I am a postdoctoral researcher in the group of Steffen Müller at the University of Groningen, Netherlands.

### Research interests

I am interested in arithmetic geometry, specifically the use of fundamental groups to study rational and integral points of schemes. The Chabauty–Kim method, while rooted in deep considerations about the motivic fundamental group and still being largely conjectural, has nevertheless proved very successful in explicitly solving polynomial equations in recent years. I am exploring both the theoretical and practical aspects of the method, in particular in the setting of S-integral points on affine hyperbolic curves. What I find exciting about this line of research is that deep ideas from geometry can be used to solve very concrete problems from number theory.

I am moreover interested in Grothendieck’s conjectures on anabelian geometry which he formulated in his letter to Faltings. There, the Section Conjecture predicts a description of rational points purely in terms of étale fundamental groups. Recently, with A. Betts and T. Kumpitsch, we could prove a precise relation between the Section Conjecture and the Chabauty–Kim method which brings the conjecture closer to the realm of explicit calculations.

### Keywords

Chabauty–Kim method, section conjecture, arithmetic fundamental group, rational points

### Recent research

• When applying the Chabauty–Kim method to study S-integral points on affine hyperbolic curves, a refined version of the method due to A. Betts and N. Dogra often gives stronger results. The first explicit calculations using this method were carried out by our project group at the 2020 Arizona Winter School. We could solve the S-unit equation in cases where S contains 2 primes (see here for the paper and here for the Sage code). However, these calculations in depth 2 were insufficient to verify Kim’s conjecture for S = {2,3} for any choice of auxiliary prime p. Recently, I derived new Kim functions for the Chabauty–Kim locus in depth 4 and used them to verify Kim’s conjecture for S = {2,3} for all p < 10,000. The preprint is here and the accompanying Sage code is here.
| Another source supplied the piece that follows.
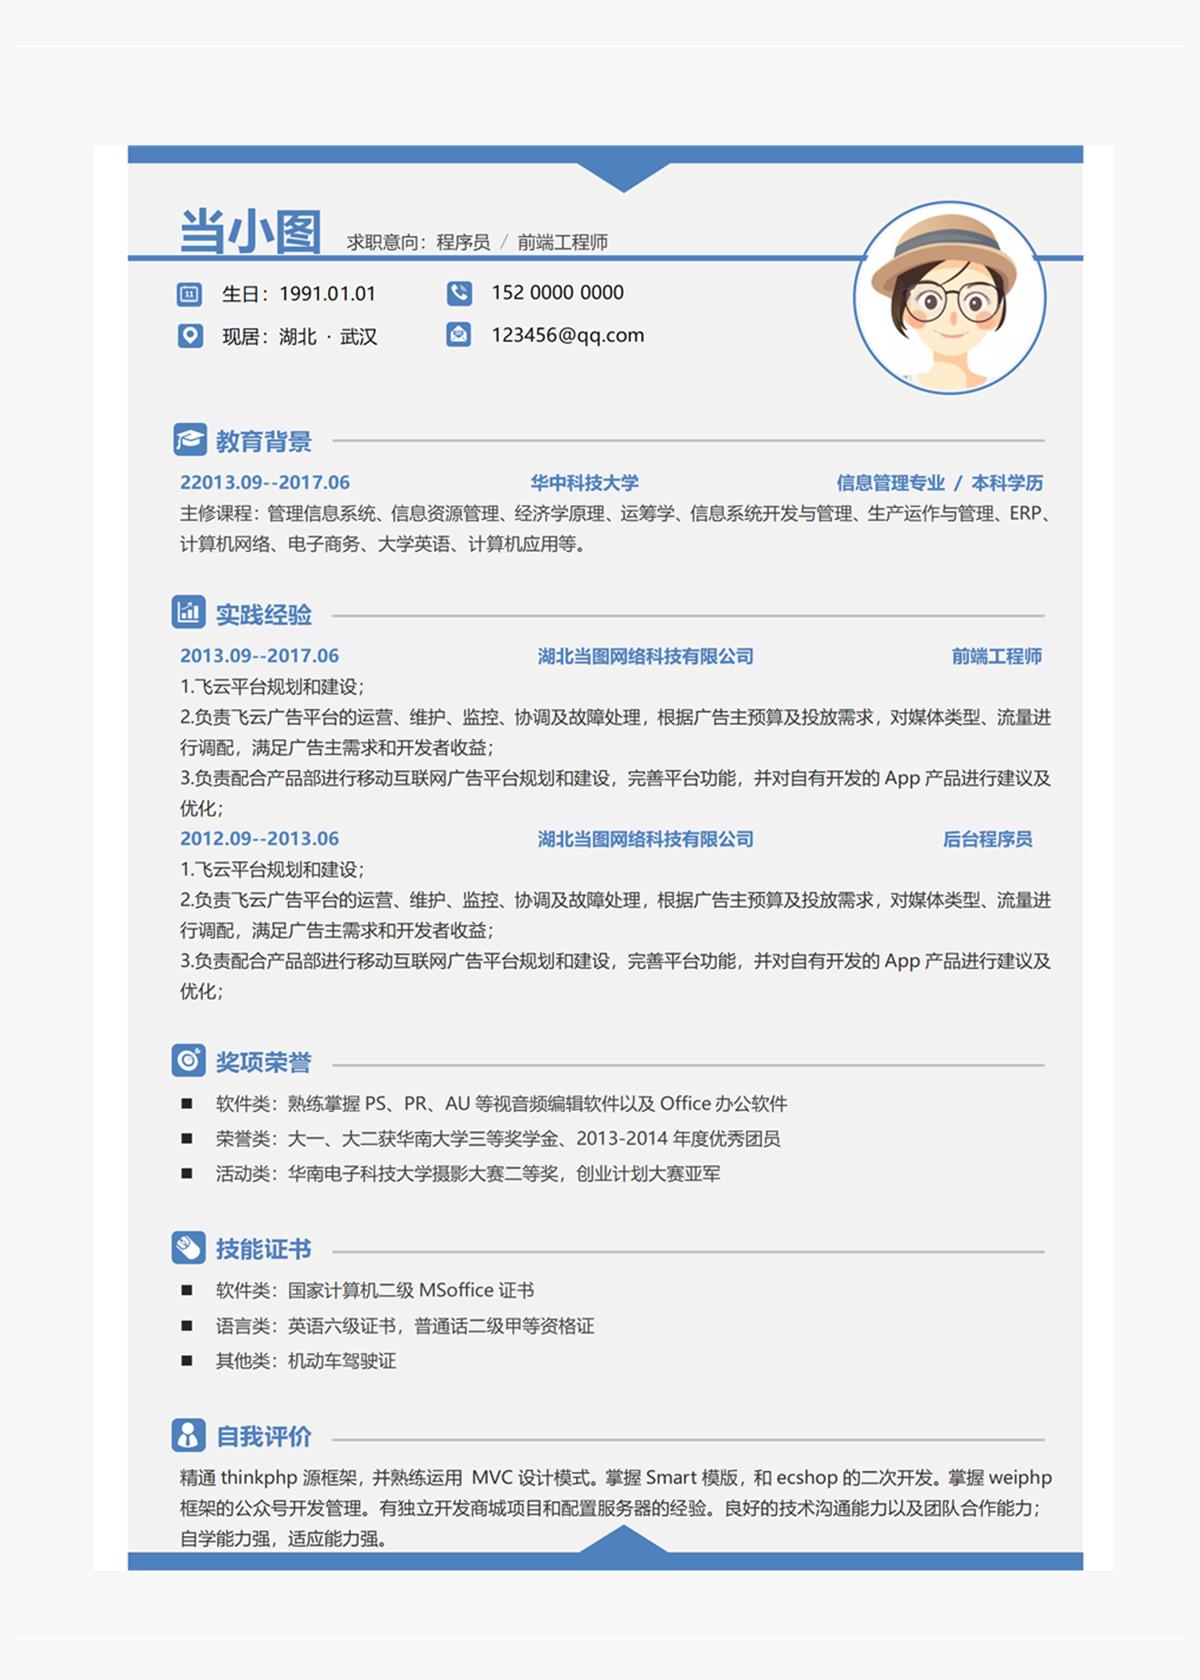 程序员前端工程师个人简历亚博体育主页
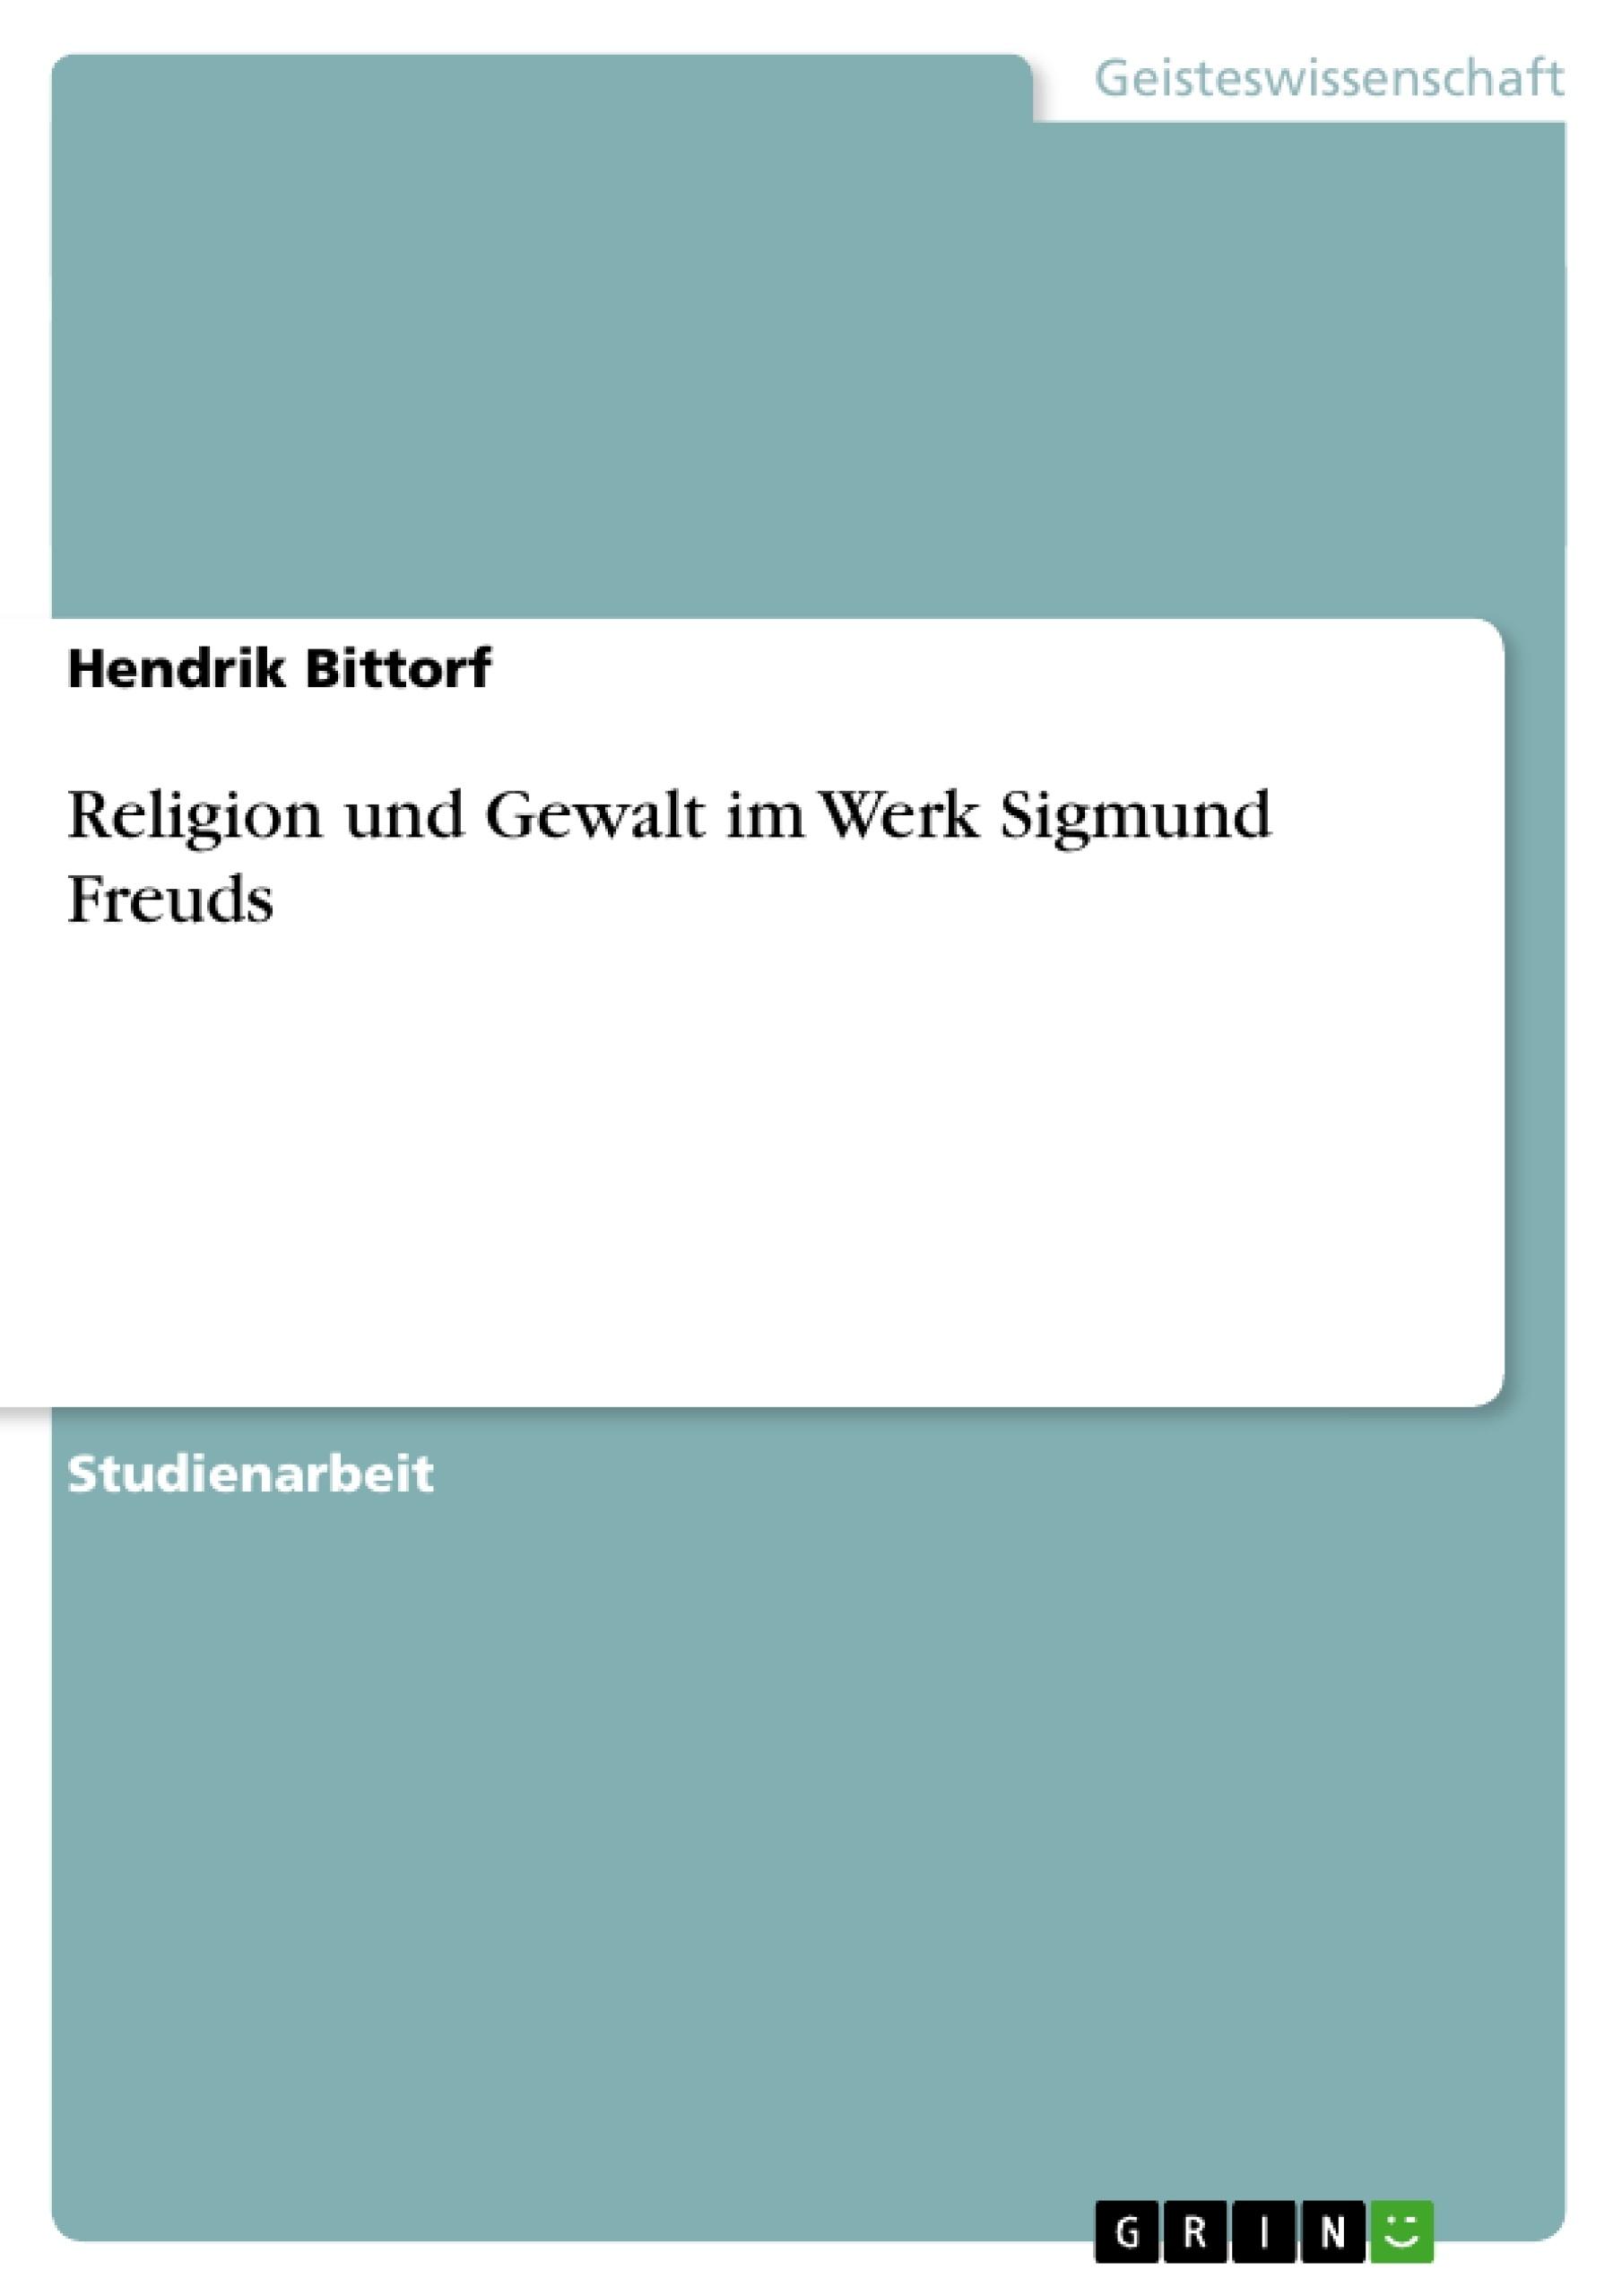 Titel: Religion und Gewalt im Werk Sigmund Freuds

• With D. Corwin and I. Dan-Cohen, we are developing and applying the mixed Tate motivic Chabauty–Kim method for the thrice-punctured line beyond the polylogarithmic quotient of the fundamental group. We obtain new constraints on Chabauty–Kim loci by using functions involving p-adic multiple polylogarithms (rather than just single polylogarithms). The preprint will be available soon.

• Kim’s conjecture predicts that the set of p-adic points produced by the Chabauty–Kim method agrees precisely with the set of S-integral points of the curve. With A. Betts and T. Kumpitsch we showed that one can prove the “locally geometric” version of Grothendieck’s Section Conjecture by verifying Kim’s conjecture for almost all choices of p. We successfully carried this out for Z[1/2]-integral points on the thrice-punctured line, thereby obtaining the first example of a curve where Kim’s conjecture is proved for infinitely many choices of p. The preprint is here.

• For a smooth projective hyperbolic curve the classical Chabauty method applies whenever the rank-genus inequality g – r > 0 holds; the quadratic Chabauty method applies whenever g – r + ρ – 1 > 0 holds. With J. S. Müller and M. Leonhardt we determined the analogous inequalities for S-integral points on affine hyperbolic curves. We also obtain bounds on the number of S-integral points whenever these inequalities are satisfied. The paper is here.

• The p-adic section conjecture for a smooth projective curve X over a finite extension K of Qp predicts that every section of the fundamental exact sequence is induced by a K-rational point. Previously, only the birational variant, where X is replaced by its generic point, was known. In my dissertation I extended this result to larger localisations of X. The dissertation is here.